Wednesday, July 2, 2014

Tuples in Swift Language

Tuples group multiple values into a single compound value. The values within a tuple can be of any type and do not have to be of the same type as each other. In this example, (12, "student Name") is a tuple that describes an student data.

let studentdata = (12, "John")

The (12, "John") tuple groups together an Int and a String to give the student data two separate values: a number and a name of student. It can be described as “a tuple of type (Int, String)”.

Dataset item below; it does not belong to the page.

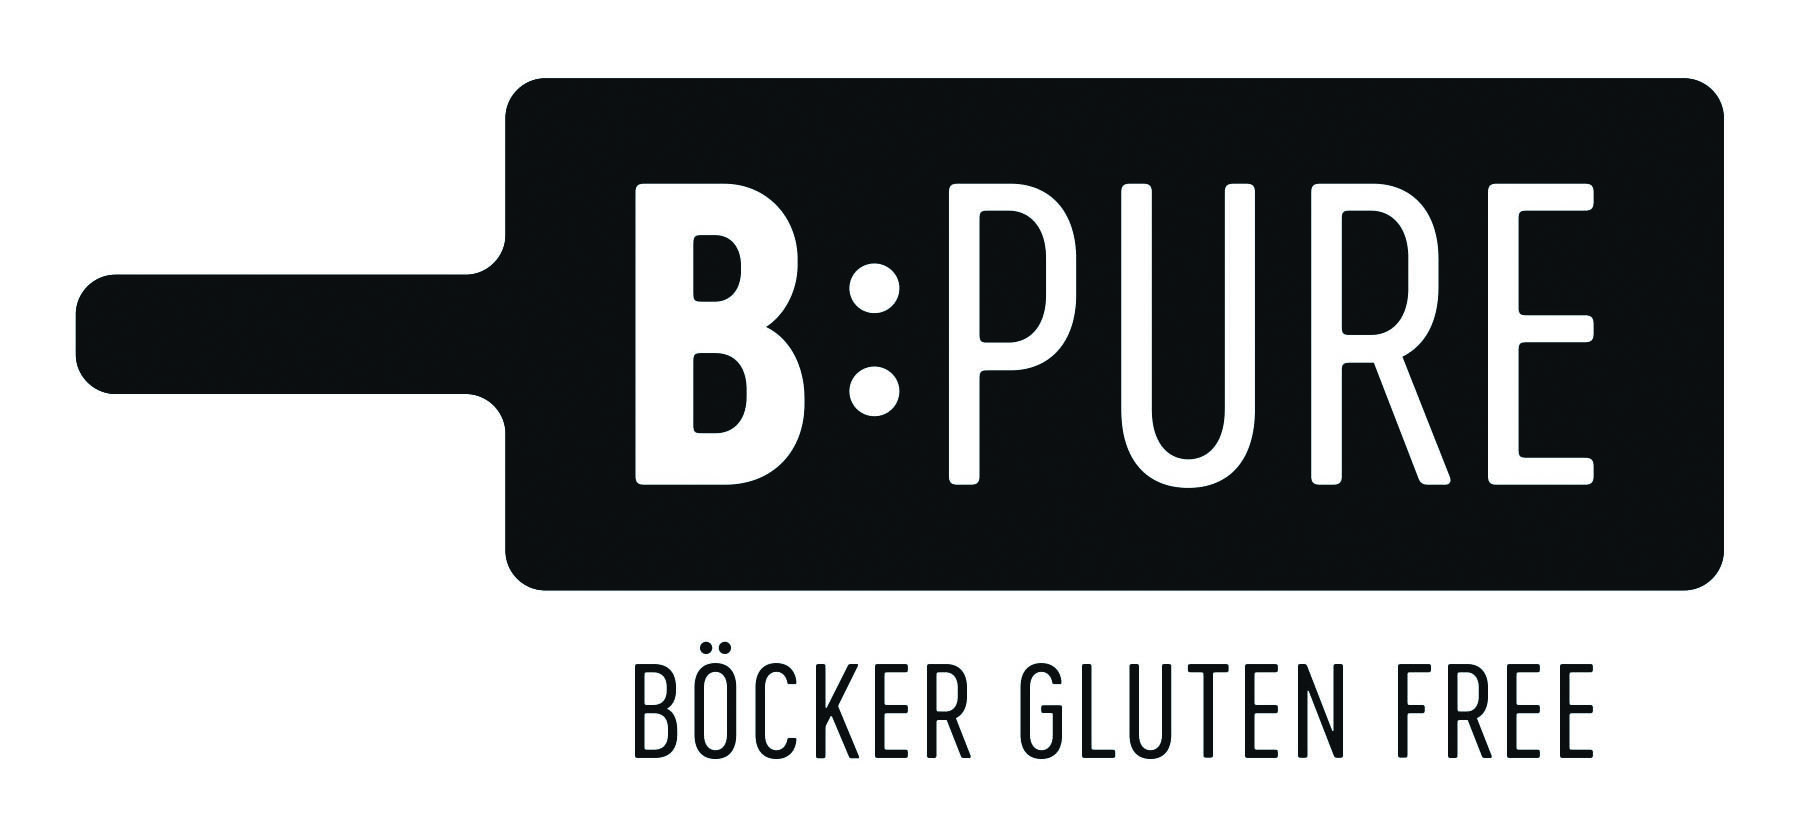 bcker bpure logo

You can create tuples from any permutation of types, and they can contain as many different types as you like. There’s nothing stopping you from having a tuple of type (Int, Int, Int), or (String, Bool), or indeed any other permutation you require. You can decompose a tuple’s contents into separate constants or variables, which you then access as usual:

let (rollnumber, studentname) = studentdata
println("The roll number is \(rollnumber)")
// prints "The roll number is 12"

println("The student name is \(studentname)")
// prints "The student name is John"

Alternatively, access the individual element values in a tuple using index numbers starting at zero:
println("The roll number is \(studentdata.0)")
// prints "The roll number is 12"
println("The student name is \(studentdata.1)")
// prints "The student name is John"

You can name the individual elements in a tuple when the tuple is defined:
let studentinfo = (rollNo: 20, Name: "Howdy")
If you name the elements in a tuple, you can use the element names to access the values of those elements:

println("The rollNo is \(studentinfo.rollNo)")
// prints "The rollNo  is 20"

println("The Name is \(studentinfo.Name)")
// prints "The Name is Howdy"

Tuples are particularly useful as the return values of functions. A function that tries to retrieve a web page might return the (Int, String) tuple type to describe the success or failure of the page retrieval. By returning a tuple with two distinct values, each of a different type, the function provides more useful information about its outcome than if it could only return a single value of a single type.